• **About this task**
Exact copy, no pictures: return only the lines below from the line with "Haribo Konfekt конфеты" up to and including the line with "Platos postre artesanales".

• **Material for the task**
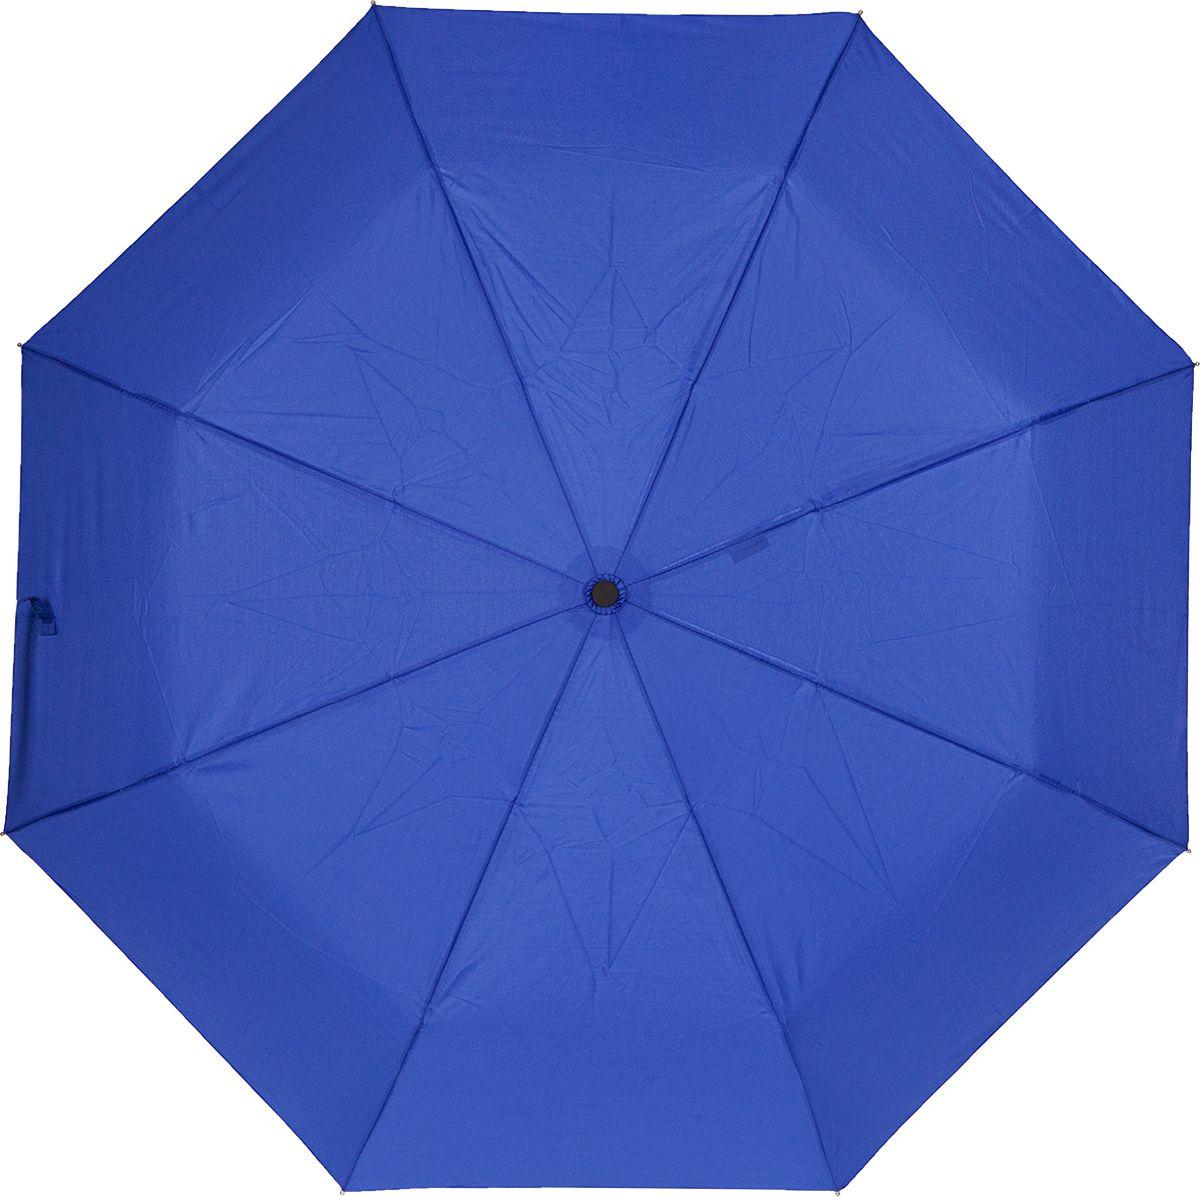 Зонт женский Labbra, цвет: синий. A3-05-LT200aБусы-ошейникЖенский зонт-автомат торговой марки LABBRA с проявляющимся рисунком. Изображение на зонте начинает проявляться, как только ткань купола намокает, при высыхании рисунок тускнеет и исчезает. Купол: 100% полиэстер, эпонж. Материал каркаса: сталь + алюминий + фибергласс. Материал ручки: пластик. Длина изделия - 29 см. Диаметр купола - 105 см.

==

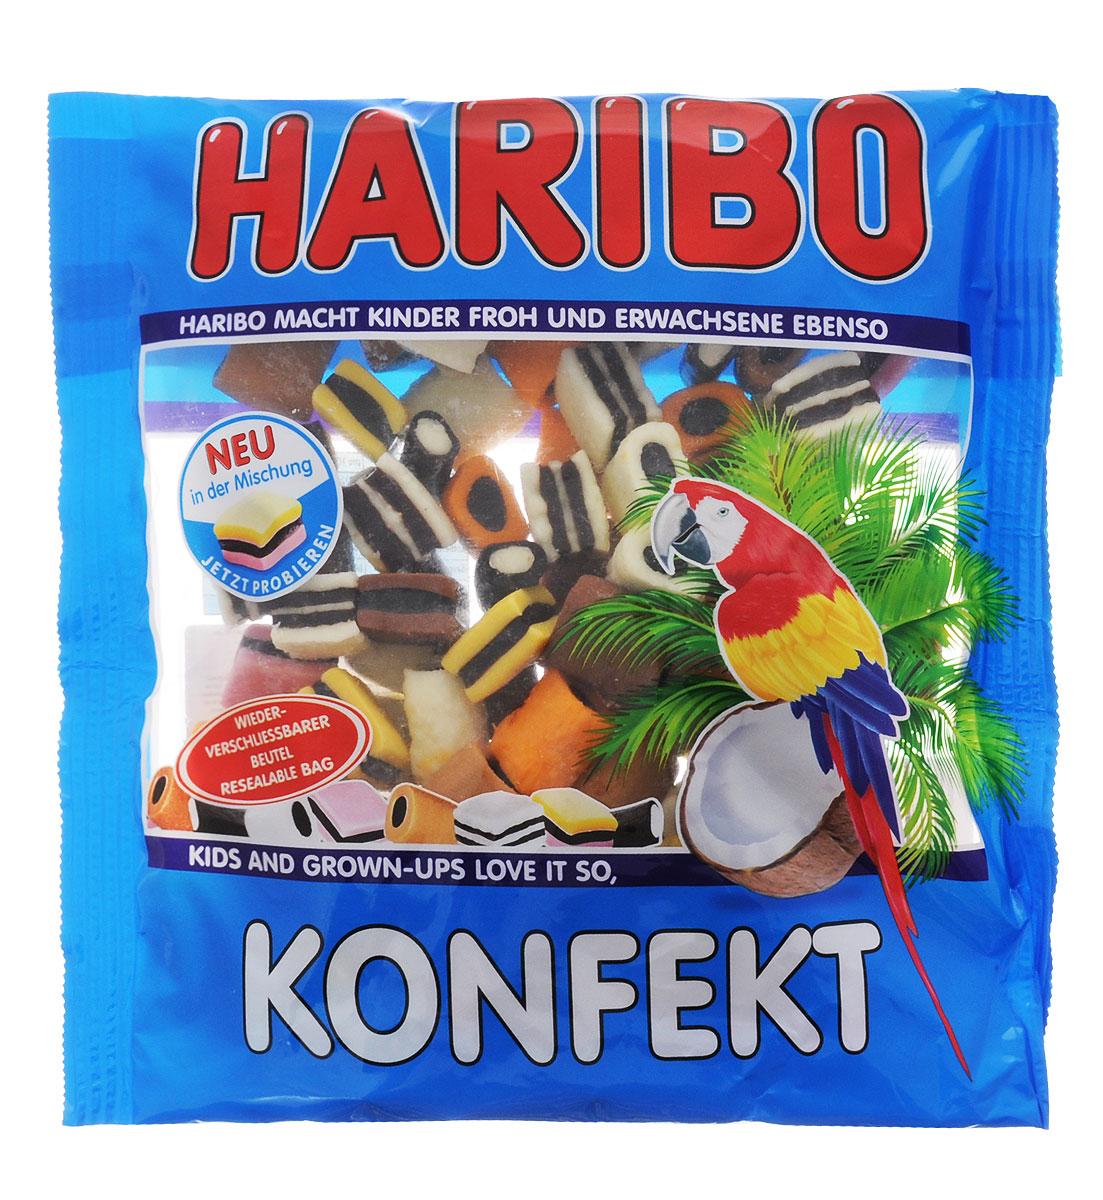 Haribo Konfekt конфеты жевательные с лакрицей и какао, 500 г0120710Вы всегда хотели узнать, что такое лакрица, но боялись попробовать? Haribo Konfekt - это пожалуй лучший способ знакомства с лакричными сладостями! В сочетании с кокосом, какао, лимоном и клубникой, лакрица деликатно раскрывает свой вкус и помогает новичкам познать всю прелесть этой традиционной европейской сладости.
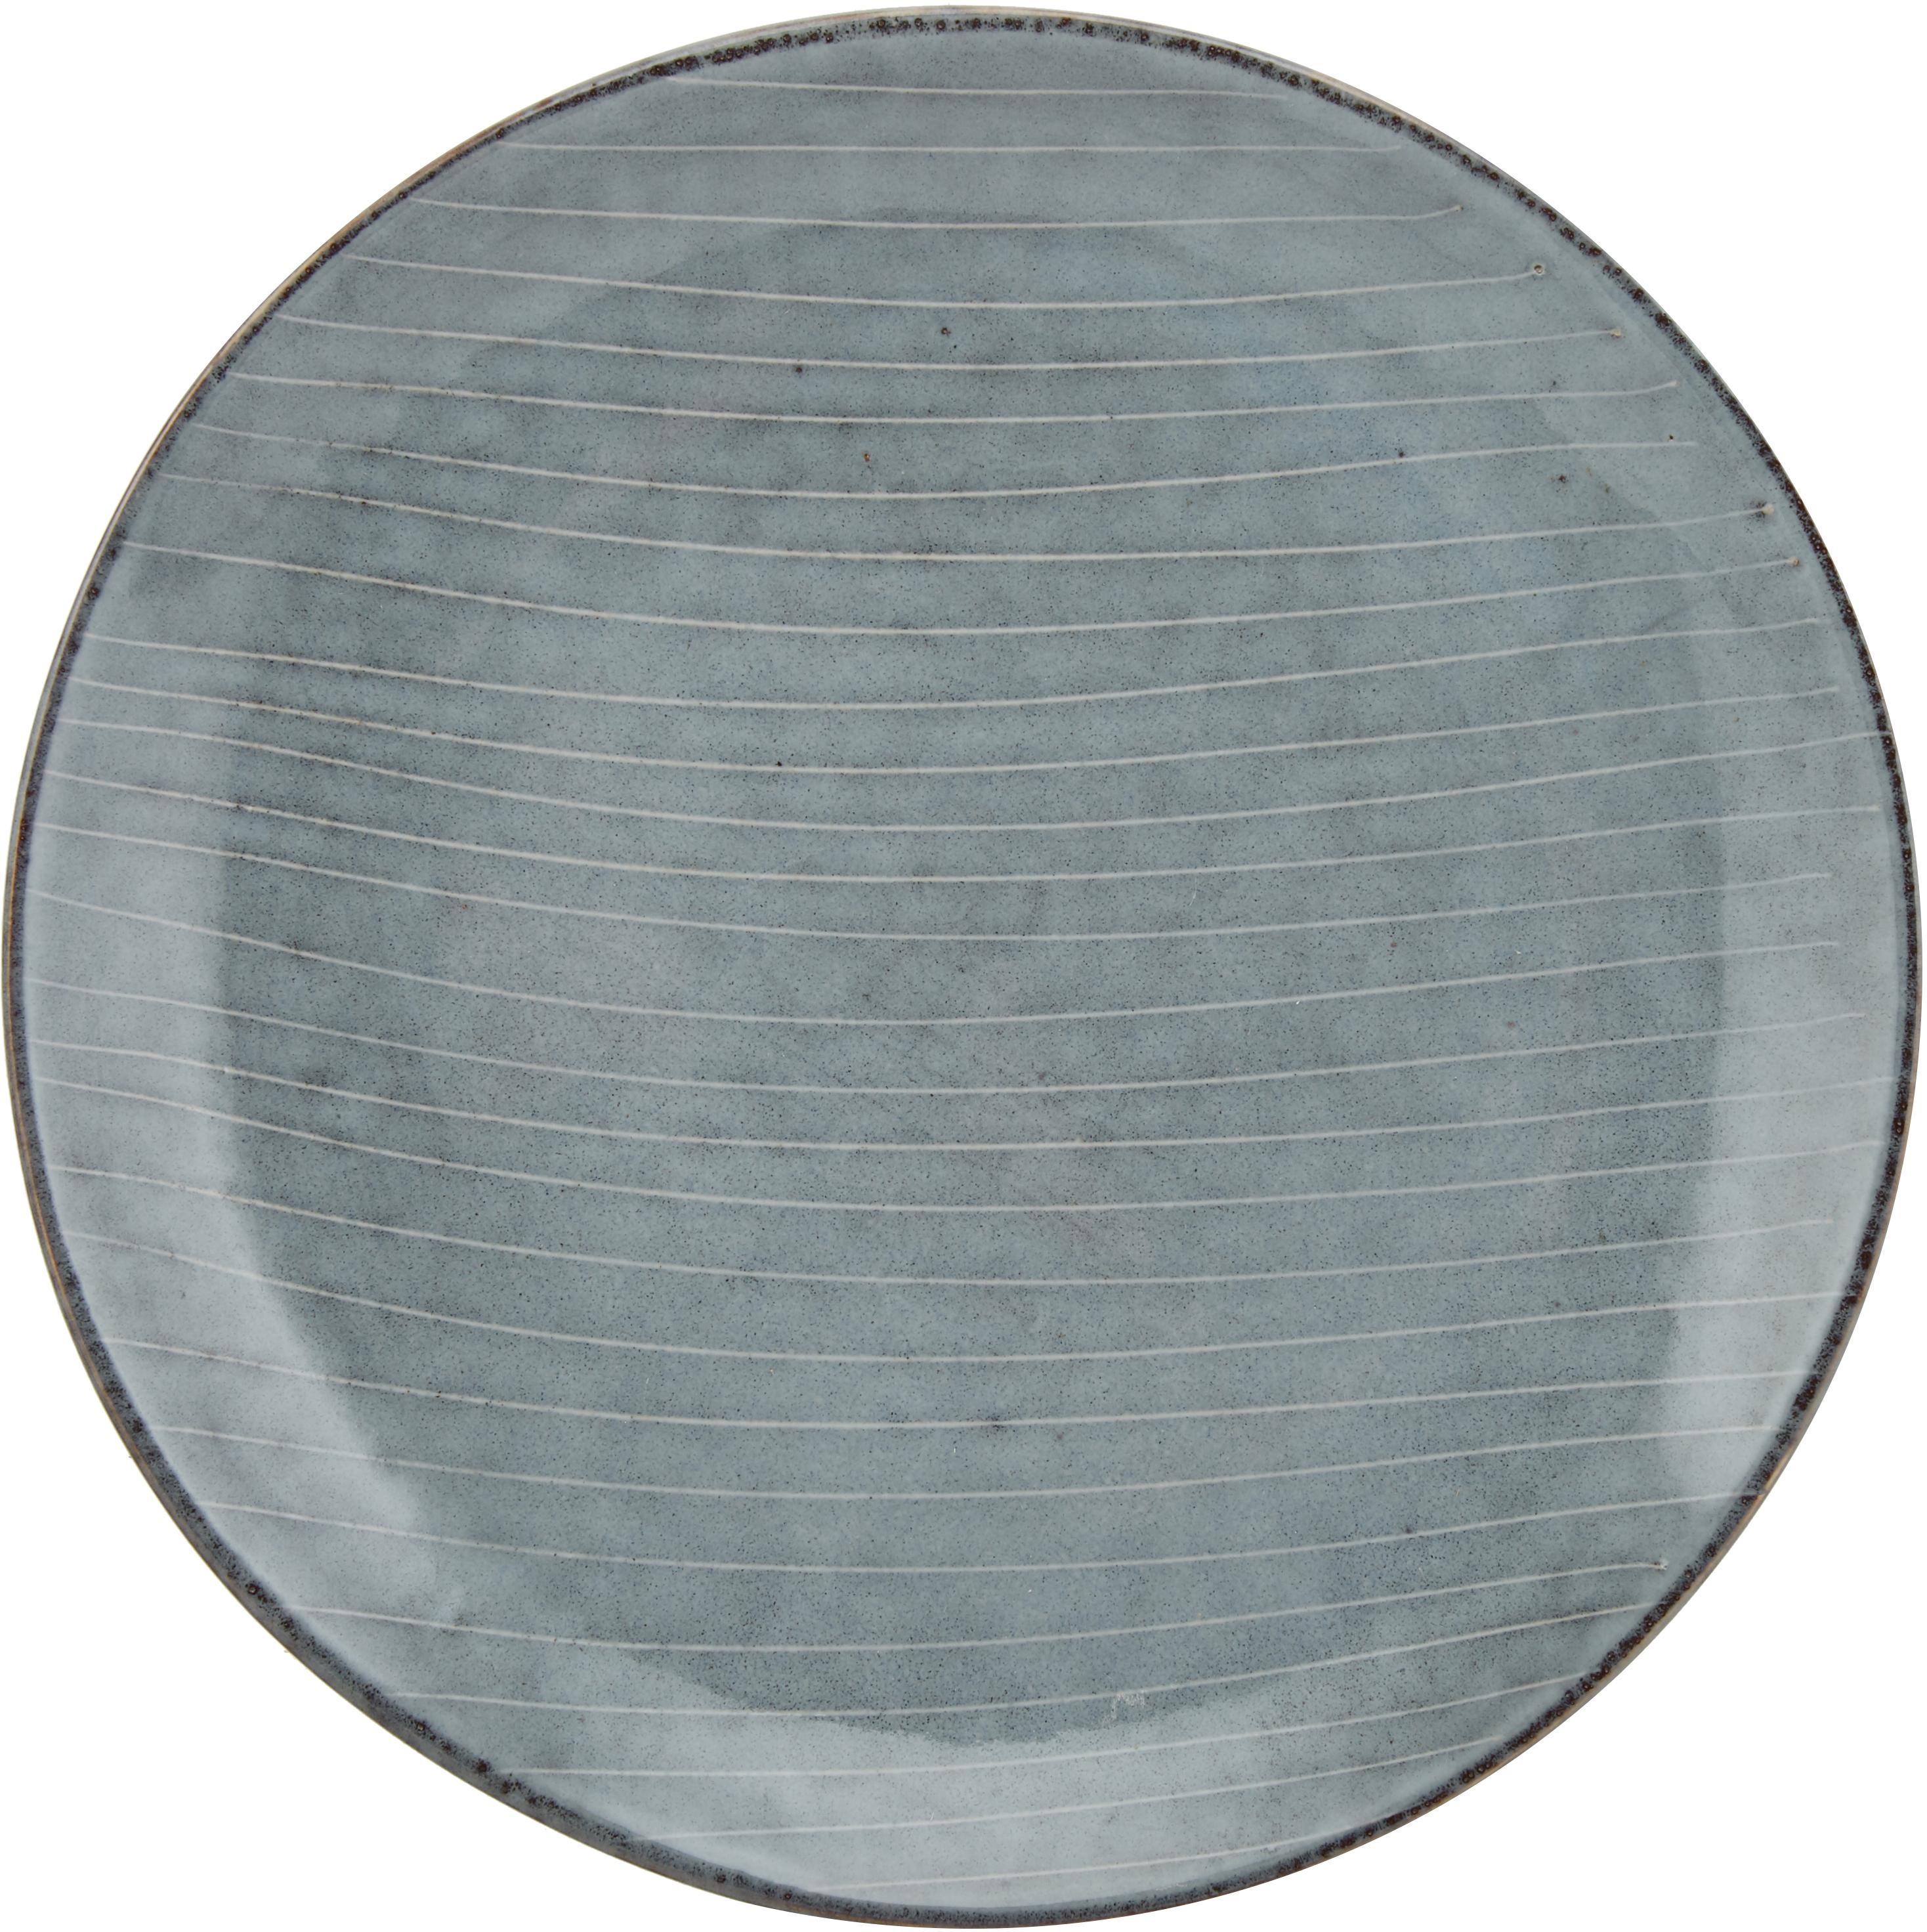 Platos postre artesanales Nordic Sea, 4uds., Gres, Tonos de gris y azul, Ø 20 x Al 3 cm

• **Response for this exercise**
 Haribo Konfekt конфеты жевательные с лакрицей и какао, 500 г0120710Вы всегда хотели узнать, что такое лакрица, но боялись попробовать? Haribo Konfekt - это пожалуй лучший способ знакомства с лакричными сладостями! В сочетании с кокосом, какао, лимоном и клубникой, лакрица деликатно раскрывает свой вкус и помогает новичкам познать всю прелесть этой традиционной европейской сладости.
 Platos postre artesanales Nordic Sea, 4uds., Gres, Tonos de gris y azul, Ø 20 x Al 3 cm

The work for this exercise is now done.